The data:
- - -

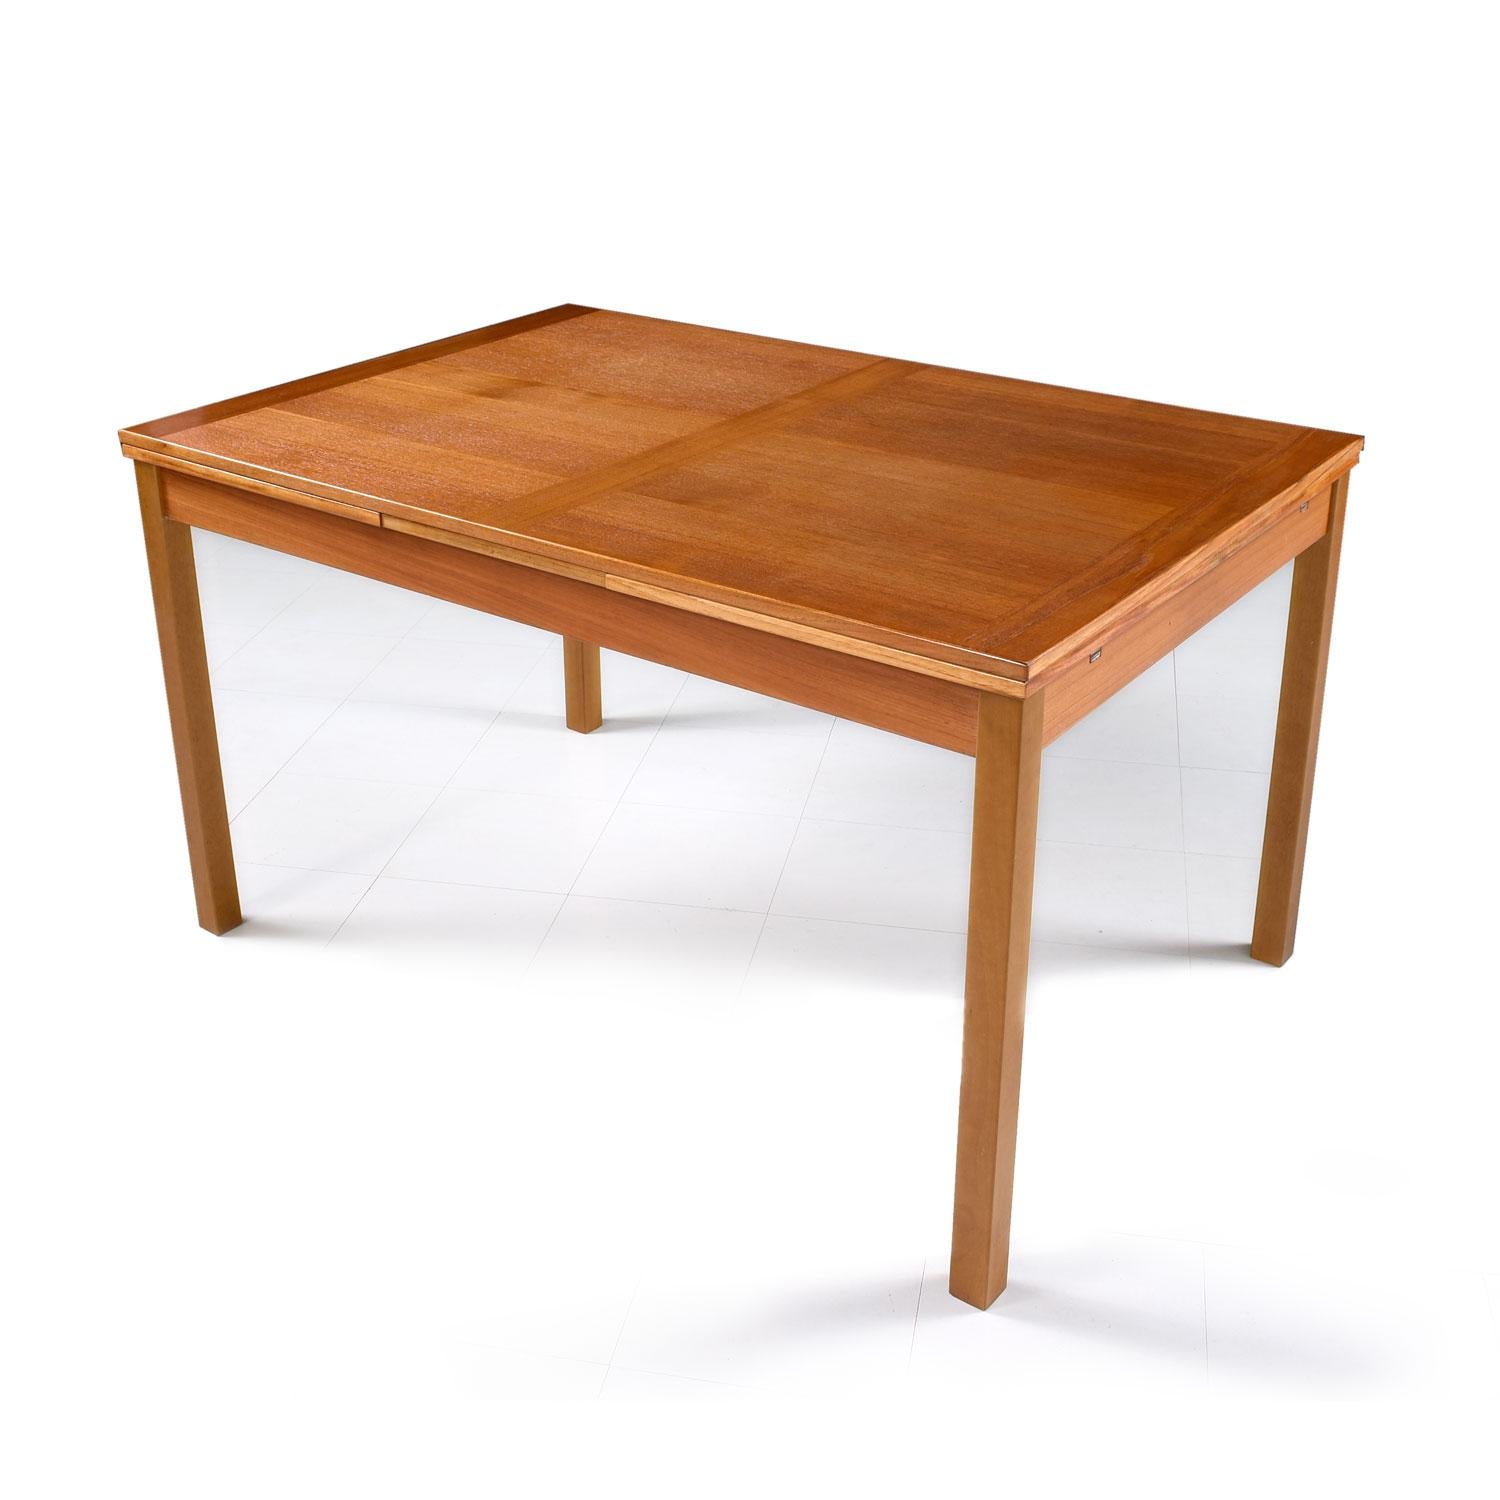 Made by Ansager Mobler, circa 1970s. The contrasting butcher block style wood grain on the leafs enhance the simple and Minimalist nature of this this Scandinavian design. Teak top with light colored beechwood legs. In the Classic style of Niels
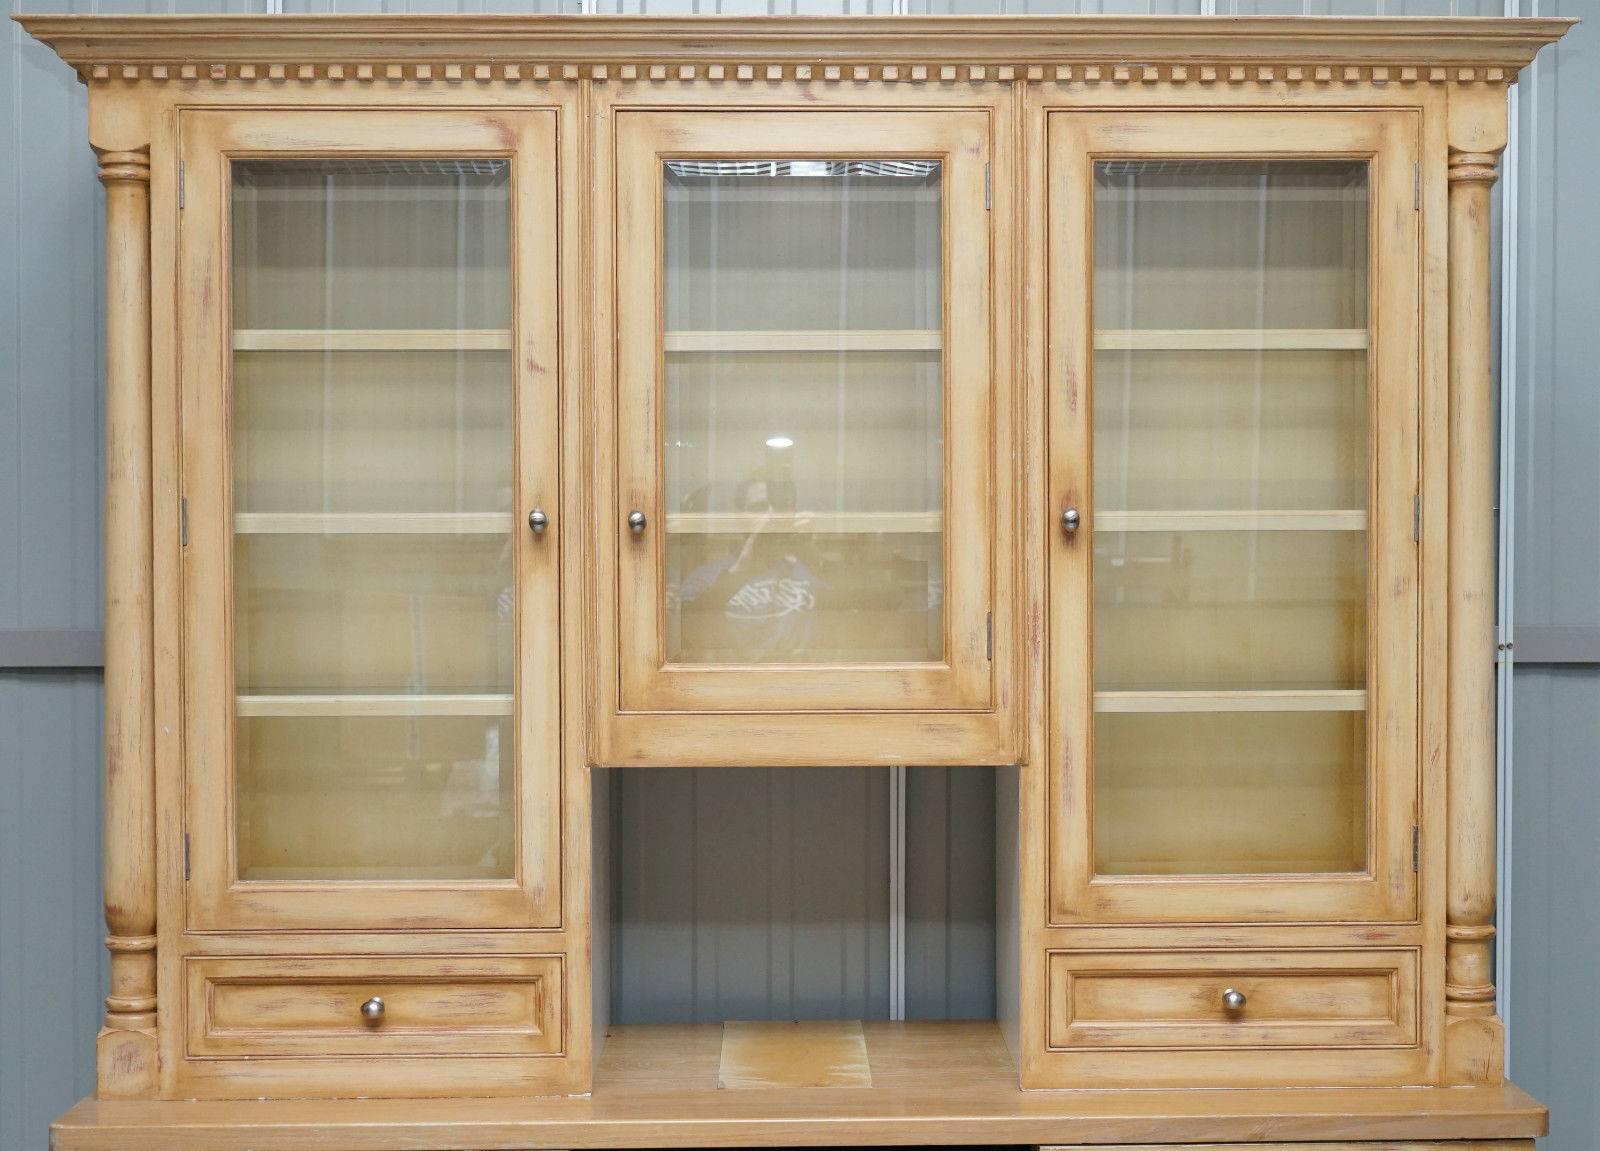 Antique & Vintage furniture Wimbledon 07850 890032

We are delighted to offer for sale this very rare panelled solid English vintage oak kitchen cupboard welsh dresser with built in wine cooler fridge

This piece is very large and substantial,

- - -

Brief:
Write out exactly the lines between the start of the data and the line with "Antique & Vintage", including both, but none of the pictures.

Solution to the problem:
 Made by Ansager Mobler, circa 1970s. The contrasting butcher block style wood grain on the leafs enhance the simple and Minimalist nature of this this Scandinavian design. Teak top with light colored beechwood legs. In the Classic style of Niels
 Antique & Vintage furniture Wimbledon 07850 890032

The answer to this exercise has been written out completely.